Sheri CarollSep 14 2008 01:54 PM

Somehow we need to reach the citizens in Hawaii and Alaska, and let them know their elected officials have such a lack of concern for their wildlife and environment. I was so surprised given such beautiful states that they would have reps that are so anti-environment and anti-conservationists. they must not know how threatened their environment is.

D. MiddlehurstSep 14 2008 09:21 PM

Oh, Sheri, we already know what a complete tool Lingle [Hawaii's governor] is. After all, she introduced Palin @ the RNC.

I'd suggest writing letters to the editors of the Maui News & Honolulu Advertiser. The bar seems to be set pretty low for getting stuff published, and intelligent letters are desperately needed. As far as I can tell, letters don't even need to be related to a recent article. This is particularly true of the Maui News.

Write away.

Carl OvermyerSep 21 2008 02:03 AM

We are talking about a ½ BILLION DOLLARS here NOT chump change!

It isn't legal in any way and as such should never have been passed by the Legislature or the Senate. Naughty Naughty!
They should have been dealing with the state budget instead! But NO they are too busy making BAD and ILLEGAL resolutions.

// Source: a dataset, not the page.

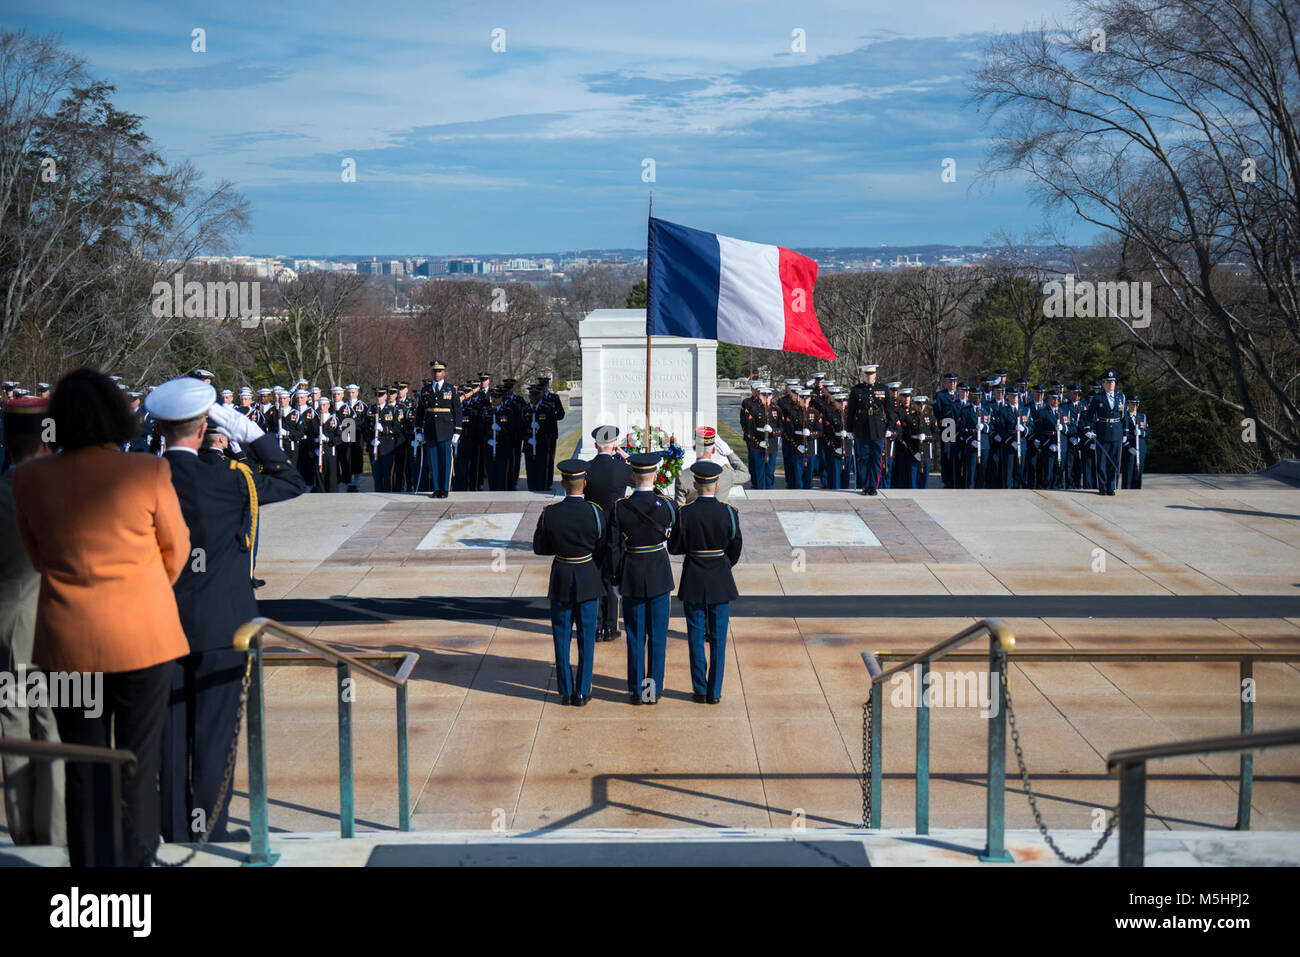 Maj. Gen. John P. Sullivan (left), assistant deputy chief of staff, G-4; and Gen. François Lecointre (right), chief of the defence staff, French Armed Forces;  render honors during an Armed Forces Full Honors Wreath-Laying Ceremony at the Tomb of the Unknown Soldier at Arlington National Cemetery, Arlington, Virginia, Feb. 12, 2018. Lecointre visited ANC as part of his first official visit, touring the Memorial Amphitheater Display Room and meeting with ANC Senior Leadership. (U.S. Army Stock Photo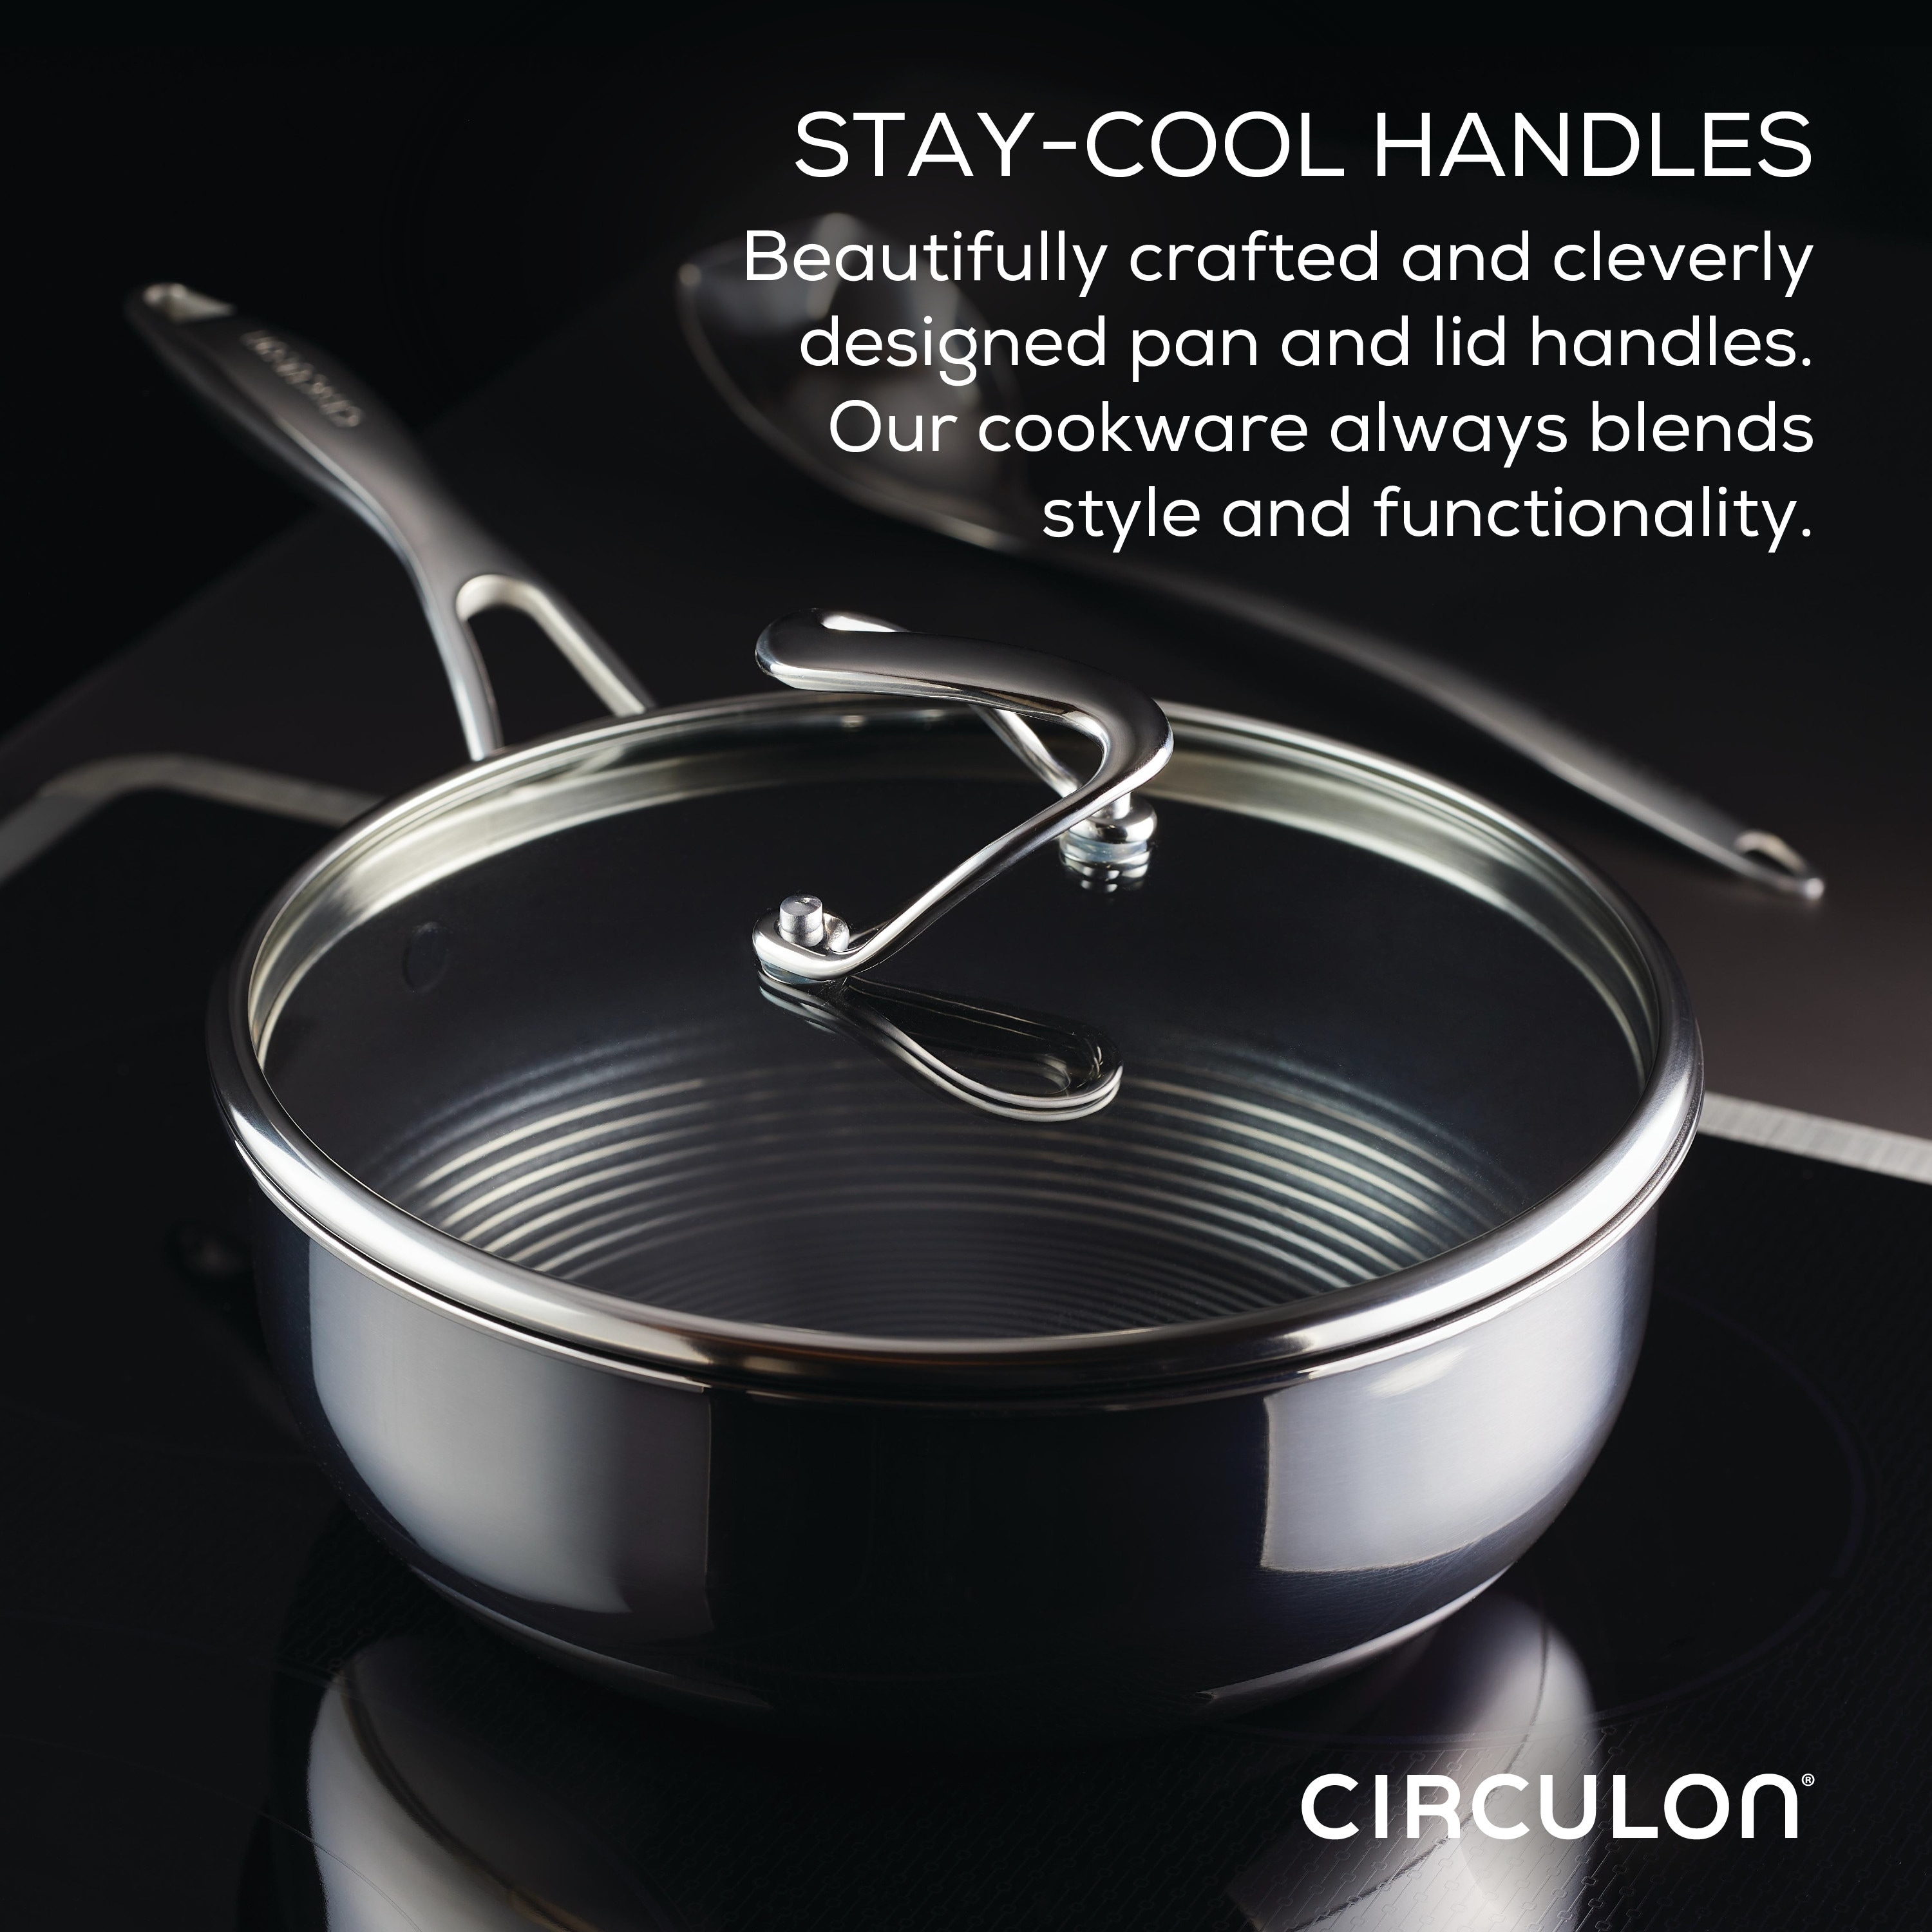 https://ak1.ostkcdn.com/images/products/is/images/direct/71d5849cb1f104e49326868c7f22fc4e94fa78c5/Circulon-Clad-Stainless-Steel-Induction-Chef-Pan-and-Utensil-Set-with-Hybrid-SteelShield-Technology%2C-3-Piece%2C-Silver.jpg

http://www.caltax.org/ContainerTax-SB974.pdf
From Cal Tax, their conclusion follows;
• Under Article XIIIA, Section 3 of the California Constitution, the "fee" imposed pursuant to SB 974 is a tax subject to a supermajority vote.
• The "fee" is not part of a regulatory effort to mitigate the adverse impact of the feepayer's operations because the feepayer is the owner of the cargo, not the shipping company. There is only a minor, indirect, nexus between the feepayers' products or operations and their adverse effects for the same reason.
• Most notably, only 50% of the vessels coming through the ports are containerized. Thus, the fee is not fairly apportioned.
• The "fee" is also a tax under the Commerce Clause, as it does not pay for the costs of regulating the feepayer, only those the feepayer has chosen to transport his or her goods.
• As the "fee" is a tax, it must undergo greater scrutiny under the Commerce Clause. The tax also violates the Commerce Clause because it does not approximate the actual benefit conferred on the feepayer. The feepayers under SB 974 are those who pay shippers to transport their goods. They receive no benefit from meeting air pollution standards already required by law, and in fact are paying for any purported benefits received by those who do not transport their cargo by using containers.
• Finally, SB 974 violates the Foreign Commerce Clause, as it is inconsistent with the Customs Convention on Containers and poses the risk of multiple layers of taxation for instrumentalities of foreign commerce.

any wonder why I’m against it?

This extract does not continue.